§ Dataset section

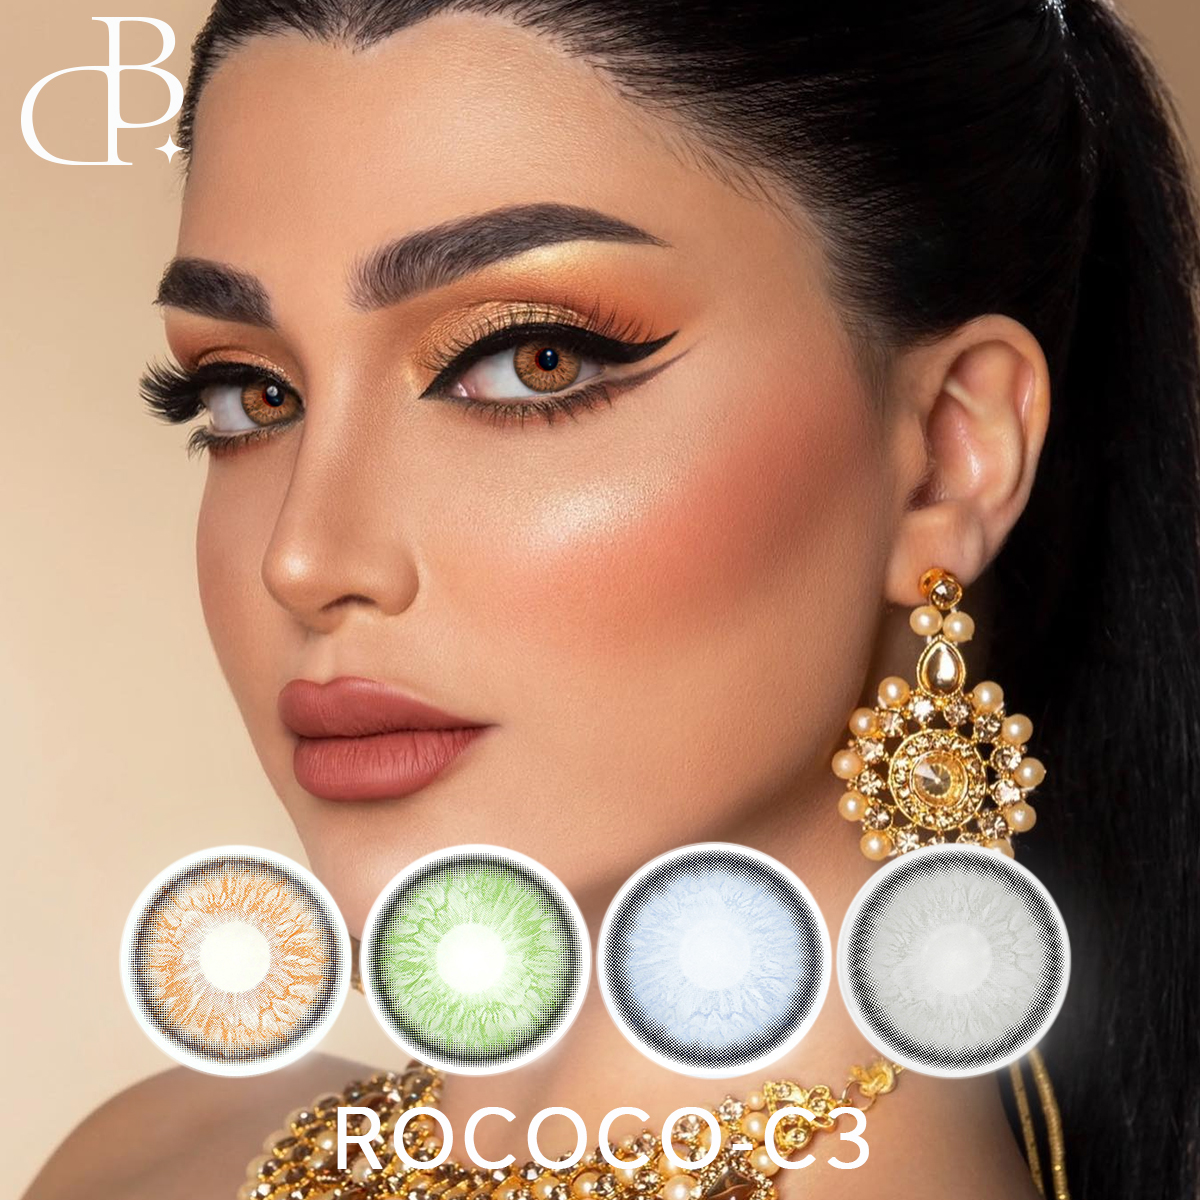 ROCOCO-3 neu aussehende kosmetische Großhandels-Farbkontaktlinsen günstige weiche Jahres-Augenfarbkontaktlinsen
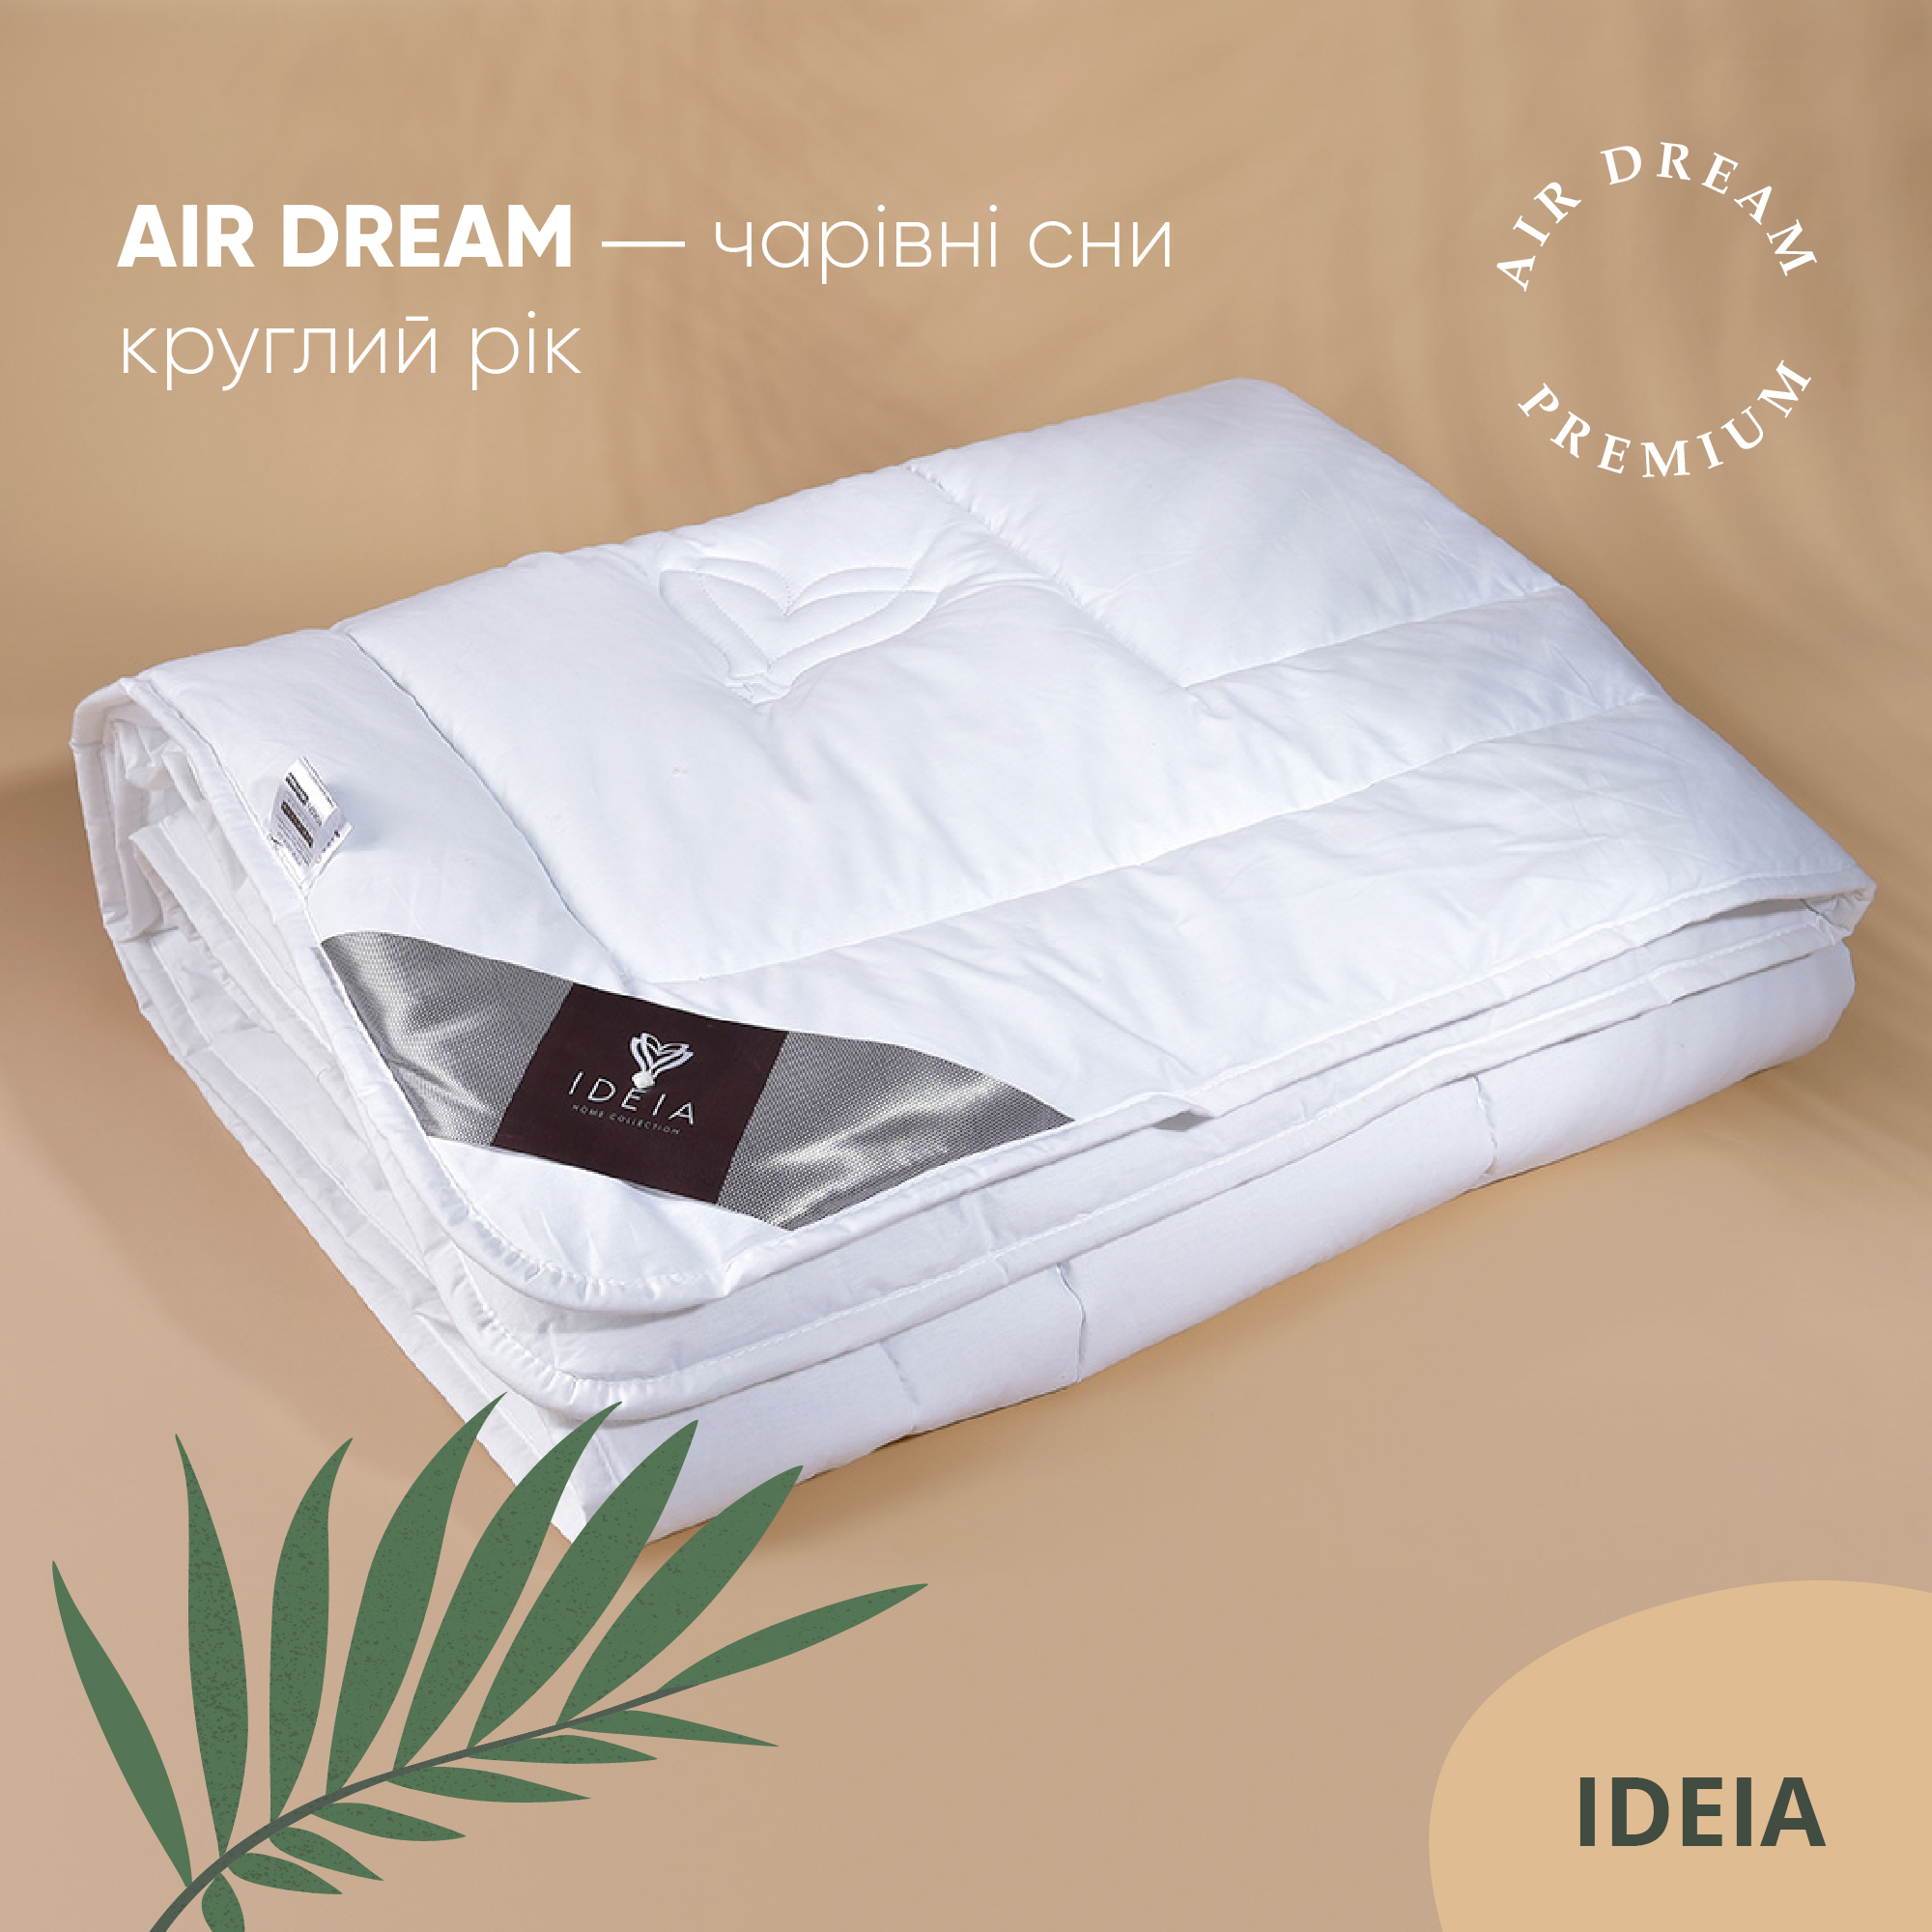 Одеяло Ideia Air Dream Premium зимнее, 220х200, белый (8-11699) - фото 5
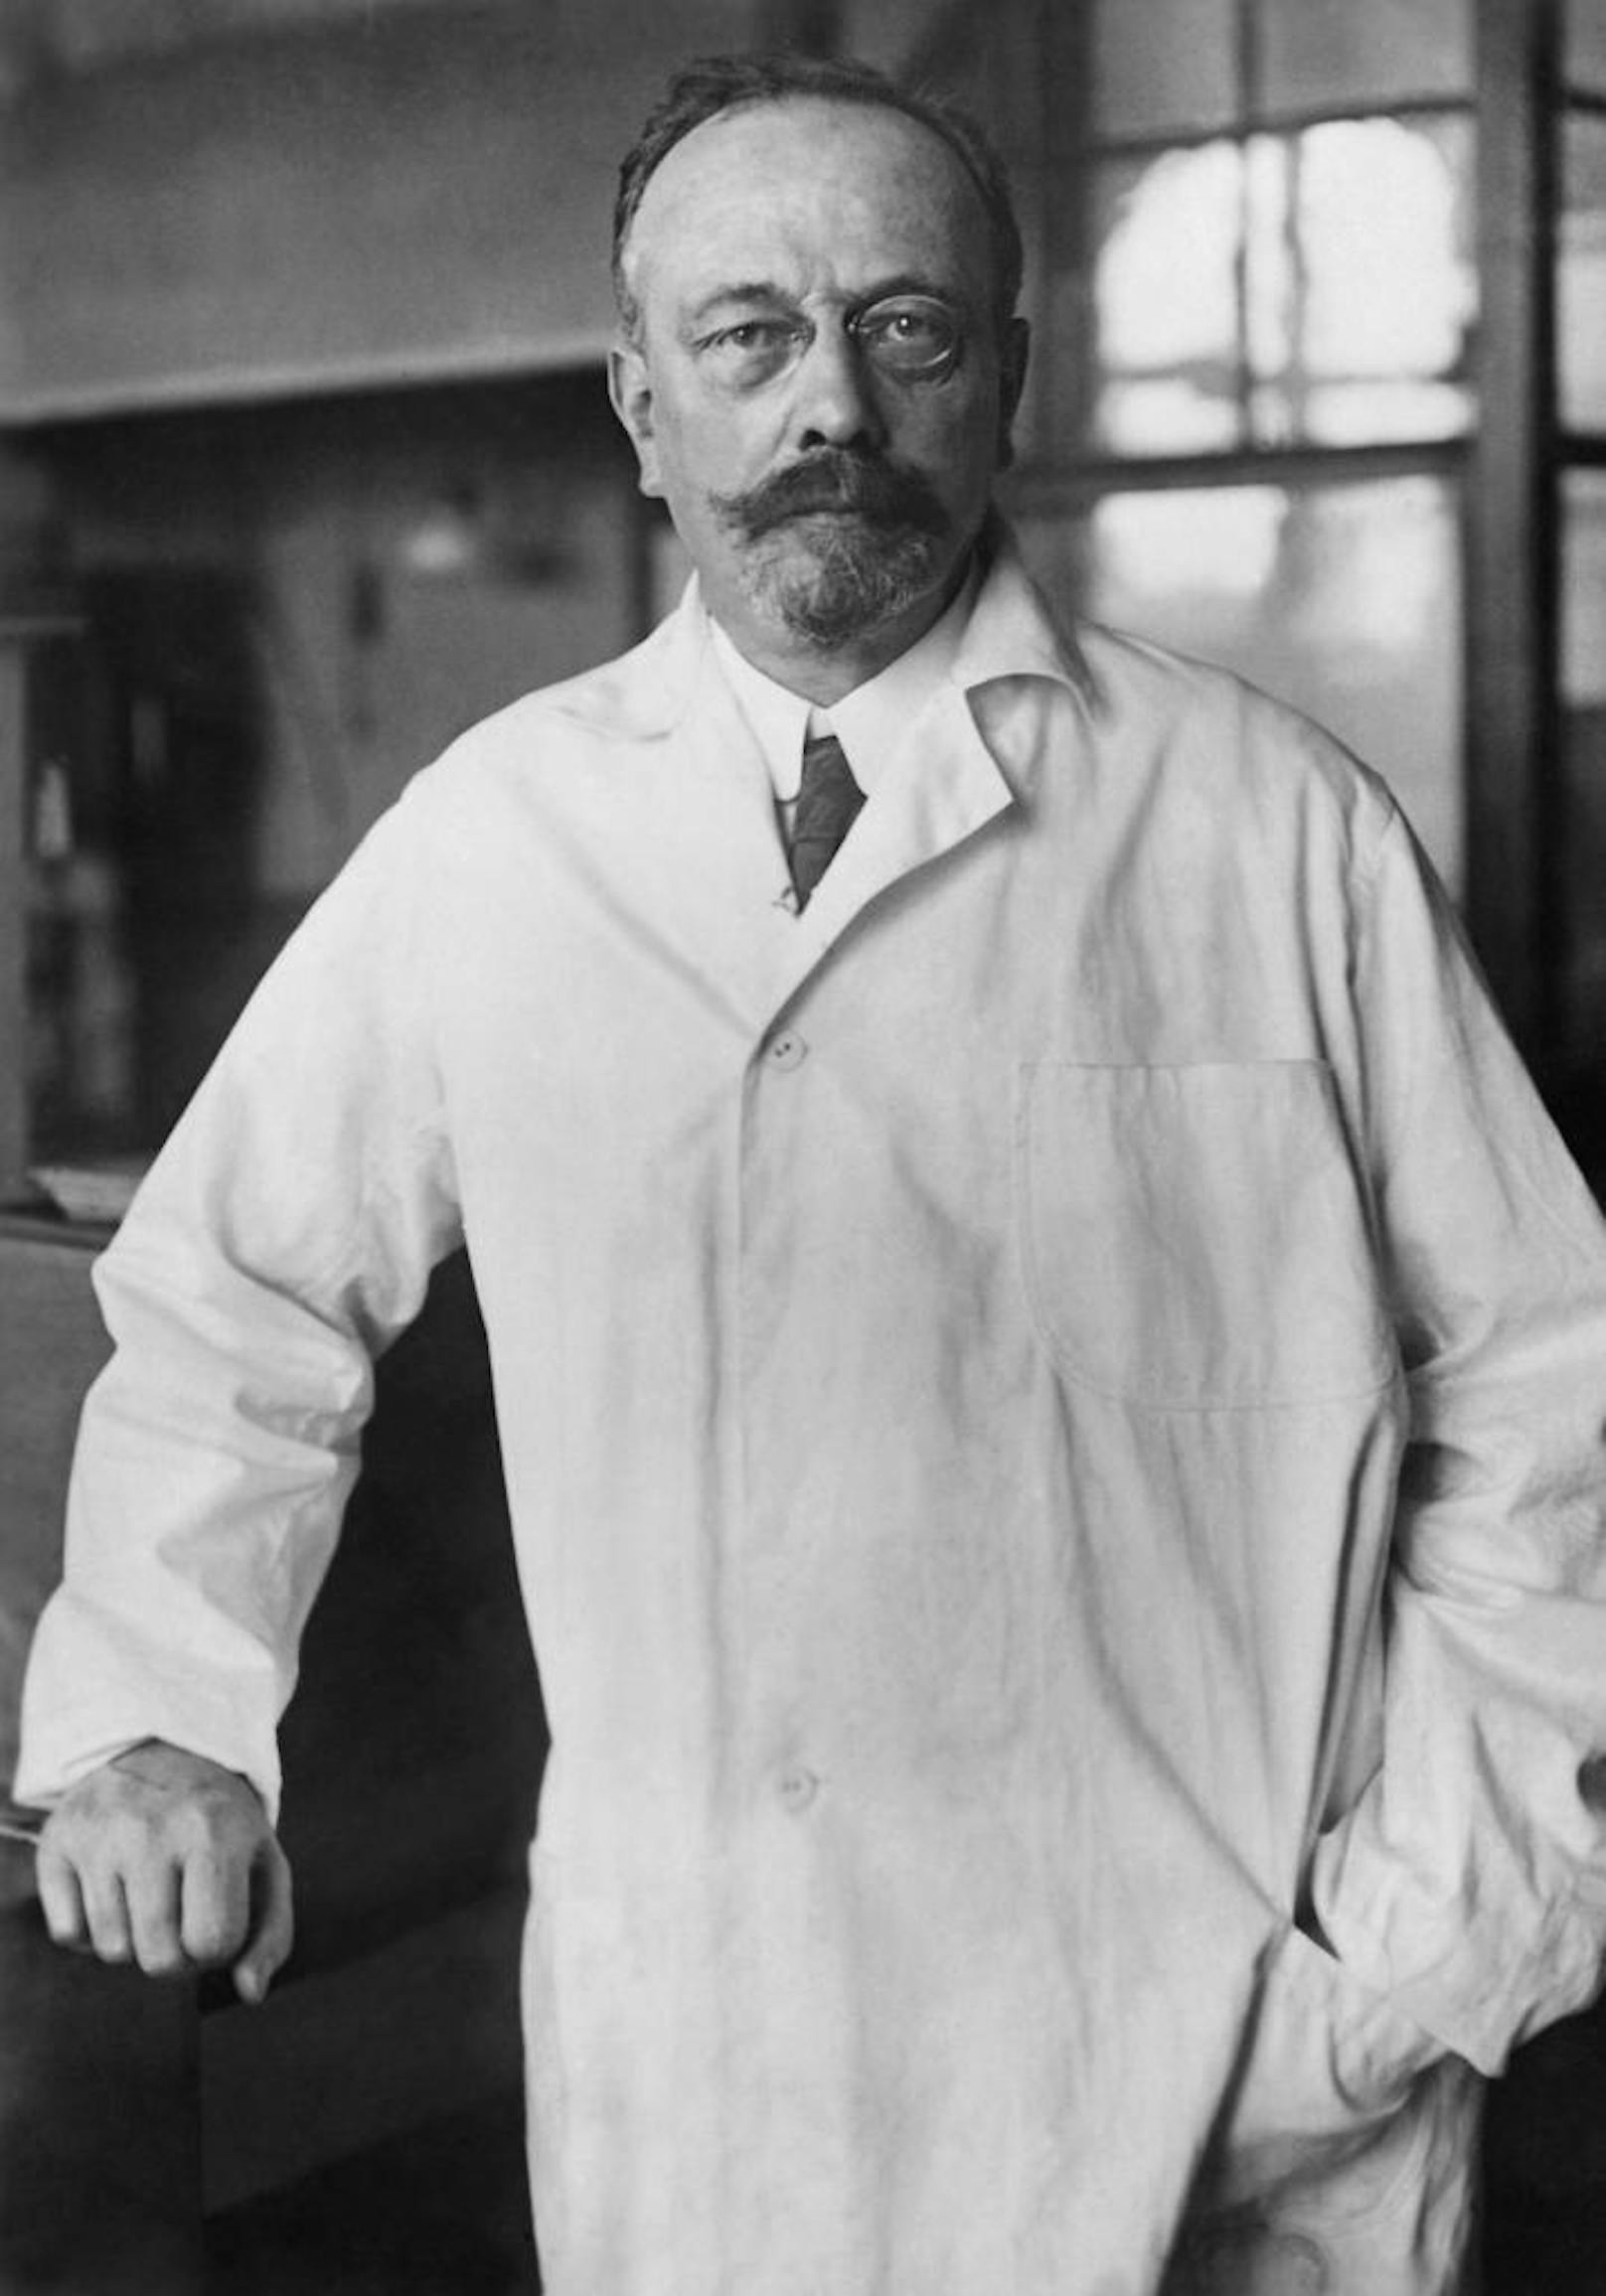 Johannes Fibiger lieferte bemerkenswerte Arbeiten für die Medizin. Dennoch leistete er sich hin und wieder auch Fehler, wie jeder Wissenschaftler.

§ Exercise goal
From the line holding "Одеяло Ideia Air" to the last line of the listing, please output each line exactly as it stands. Pictures stay out of the copy.

§ Reply to the task
 Одеяло Ideia Air Dream Premium зимнее, 220х200, белый (8-11699) - фото 5
 Johannes Fibiger lieferte bemerkenswerte Arbeiten für die Medizin. Dennoch leistete er sich hin und wieder auch Fehler, wie jeder Wissenschaftler.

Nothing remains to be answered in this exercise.